Resilience is practically a prerequisite for creative success, says Kaufman. Doing creative work is often described as a process of failing repeatedly until you find something that sticks, and creatives — at least the successful ones — learn not to take failure so personally.

“Creatives fail and the really good ones fail often,” Forbes contributor Steven Kotler wrote in a piece on Einstein’s creative genius.

They ask the big questions.
Creative people are insatiably curious — they generally opt to live the examined life, and even as they get older, maintain a sense of curiosity about life. Whether through intense conversation or solitary mind-wandering, creatives look at the world around them and want to know why, and how, it is the way it is.

They people-watch.

Observant by nature and curious about the lives of others, creative types often love to people-watch — and they may generate some of their best ideas from it.

“[Marcel] Proust spent almost his whole life people-watching, and he wrote down his observations, and it eventually came out in his books,” says Kaufman. “For a lot of writers, people-watching is very important … They’re keen observers of human nature.”

They take risks.

Part of doing creative work is taking risks, and many creative types thrive off of taking risks in various aspects of their lives.

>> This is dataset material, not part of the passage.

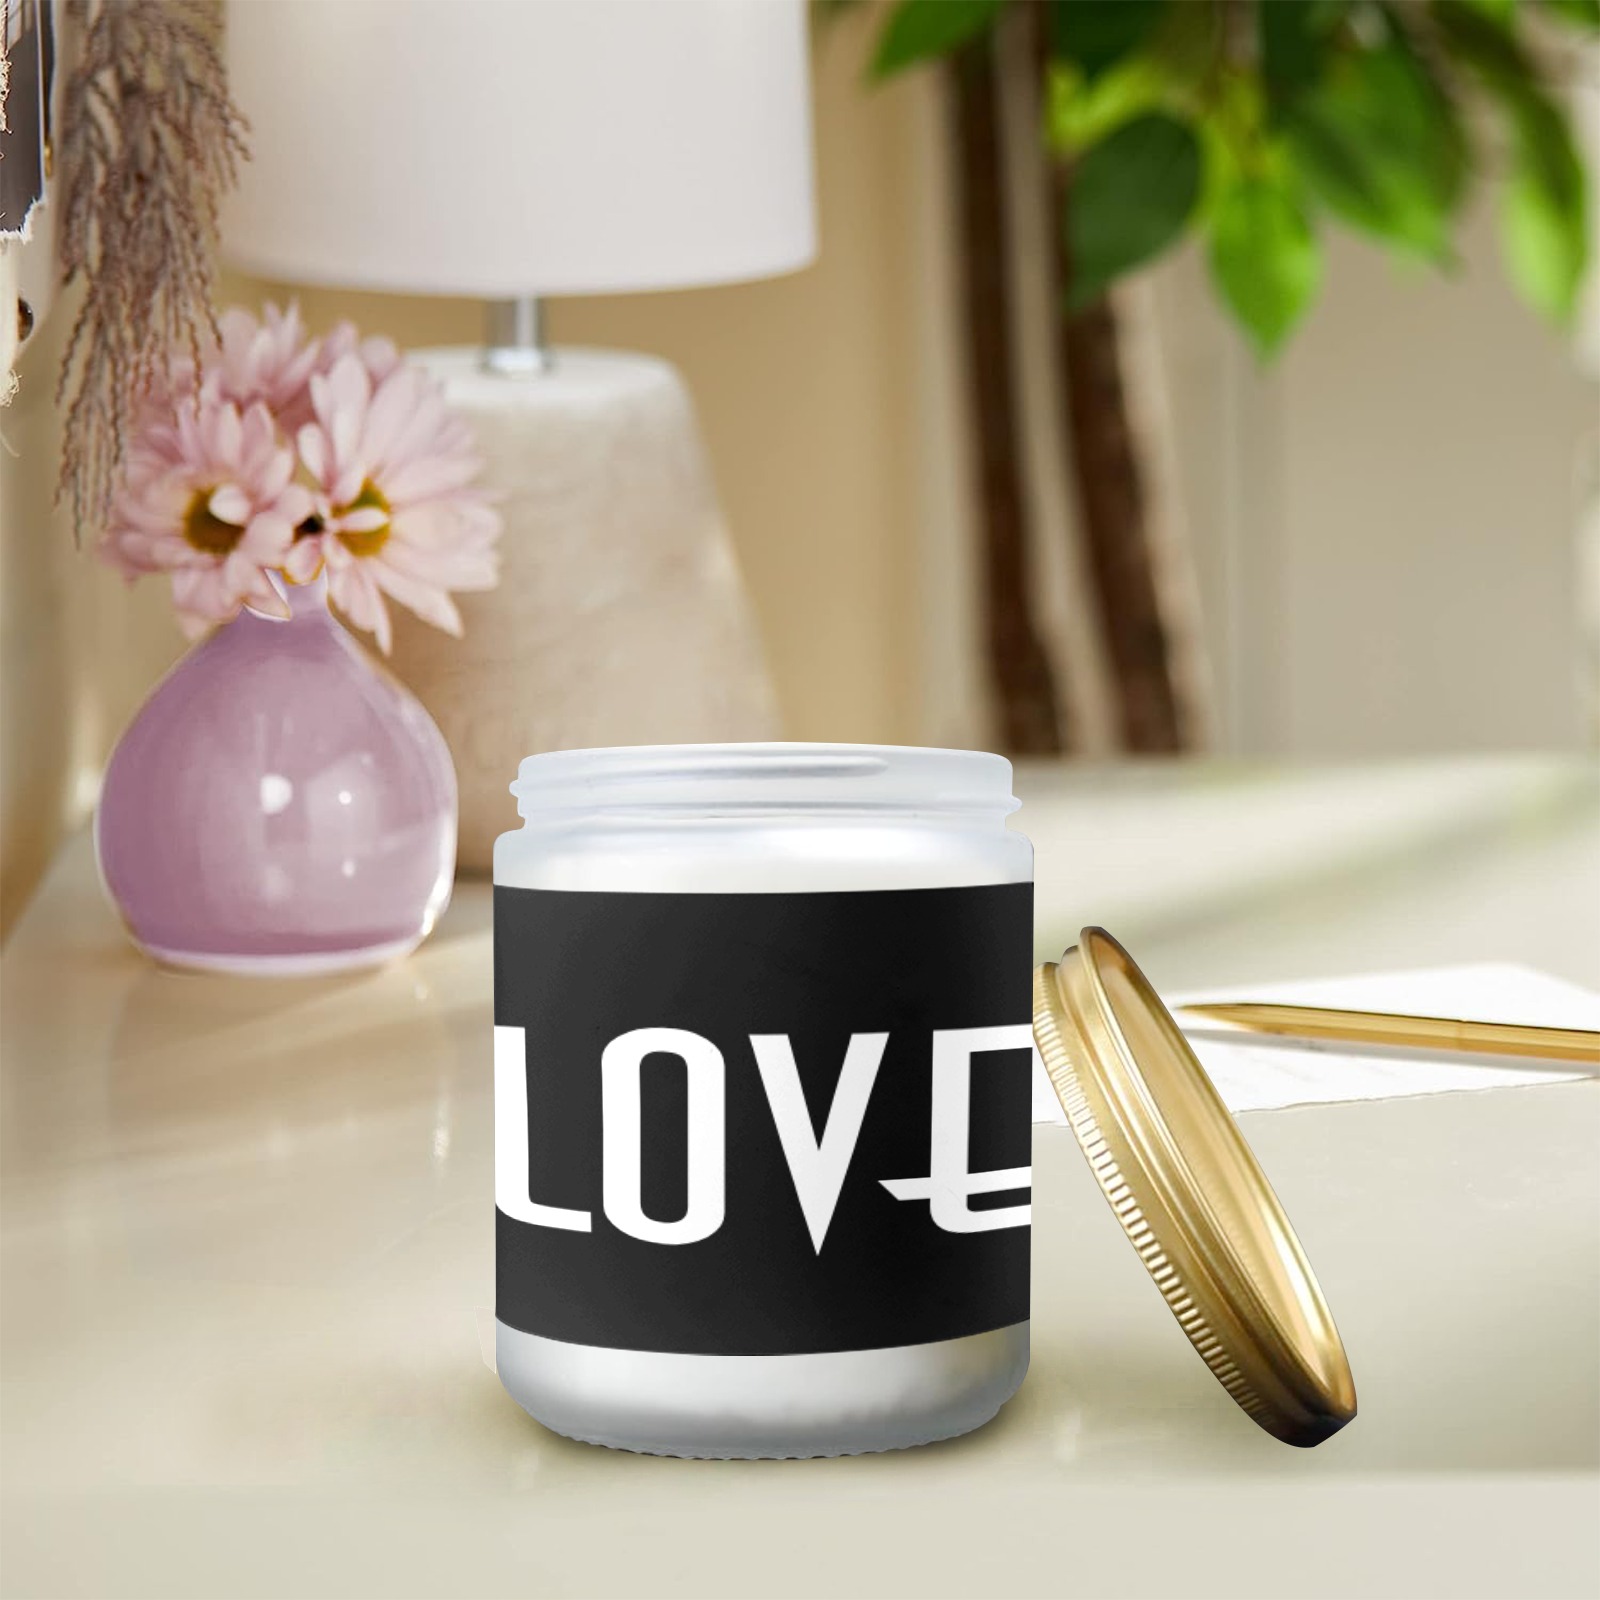 LOVE Frosted Glass Candle Cup - Large Size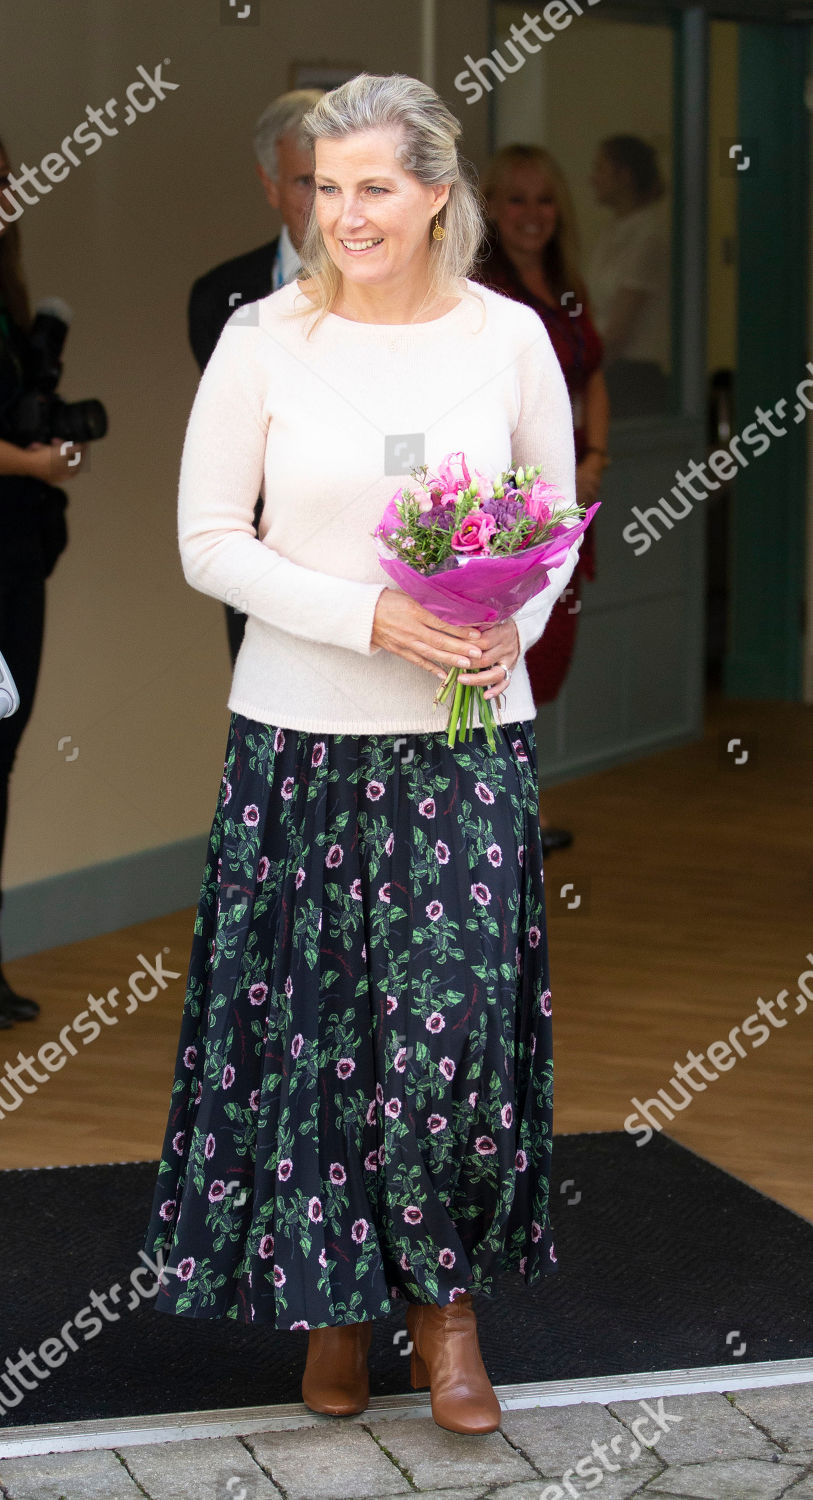 sophie-countess-of-wessex-visit-to-musgrove-park-hospital-taunton-somerset-uk-shutterstock-editorial-10422506ao.jpg

“There is a deep and meaningful connection between risk taking and creativity and it’s one that’s often overlooked,” contributor Steven Kotler wrote in Forbes. “Creativity is the act of making something from nothing. It requires making public those bets first placed by imagination. This is not a job for the timid. Time wasted, reputation tarnished, money not well spent — these are all by-products of creativity gone awry.”

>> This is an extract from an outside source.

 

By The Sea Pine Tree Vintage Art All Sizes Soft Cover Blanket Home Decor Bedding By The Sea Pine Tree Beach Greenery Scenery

They view all of life as an opportunity for self-expression.

Nietzsche believed that one’s life and the world should be viewed as a work of art. Creative types may be more likely to see the world this way, and to constantly seek opportunities for self-expression in everyday life.

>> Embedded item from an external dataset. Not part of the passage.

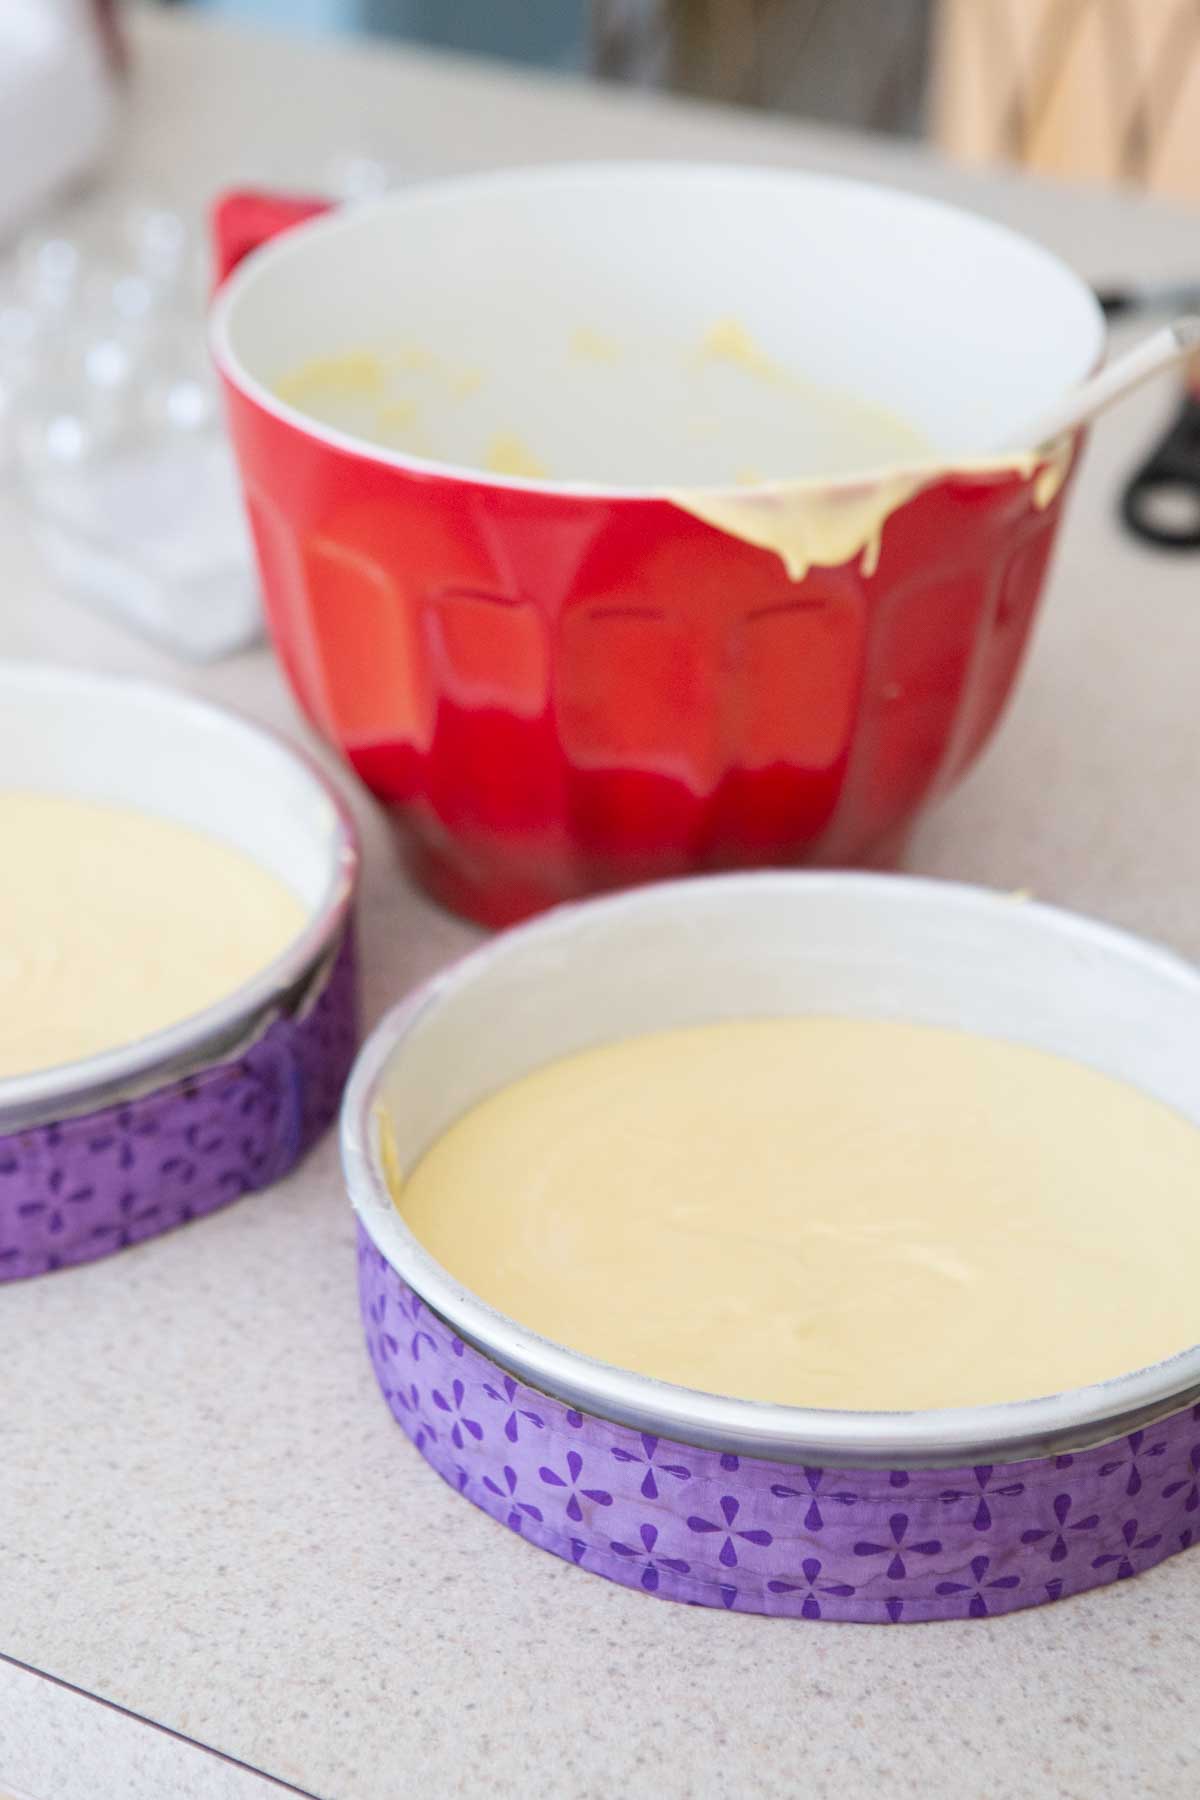 The cake pans have been wrapped in cake strips and the cake batter has been poured inside.

“Creative expression is self-expression,” says Kaufman. “Creativity is nothing more than an individual expression of your needs, desires and uniqueness.”

They follow their true passions.

Creative people tend to be intrinsically motivated — meaning that they’re motivated to act from some internal desire, rather than a desire for external reward or recognition. Psychologists have shown that creative people are energized by challenging activities, a sign of intrinsic motivation, and the research suggests that simply thinking of intrinsic reasons to perform an activity may be enough to boost creativity.

“Eminent creators choose and become passionately involved in challenging, risky problems that provide a powerful sense of power from the ability to use their talents,” write M.A. Collins and T.M. Amabile in The Handbook of Creativity.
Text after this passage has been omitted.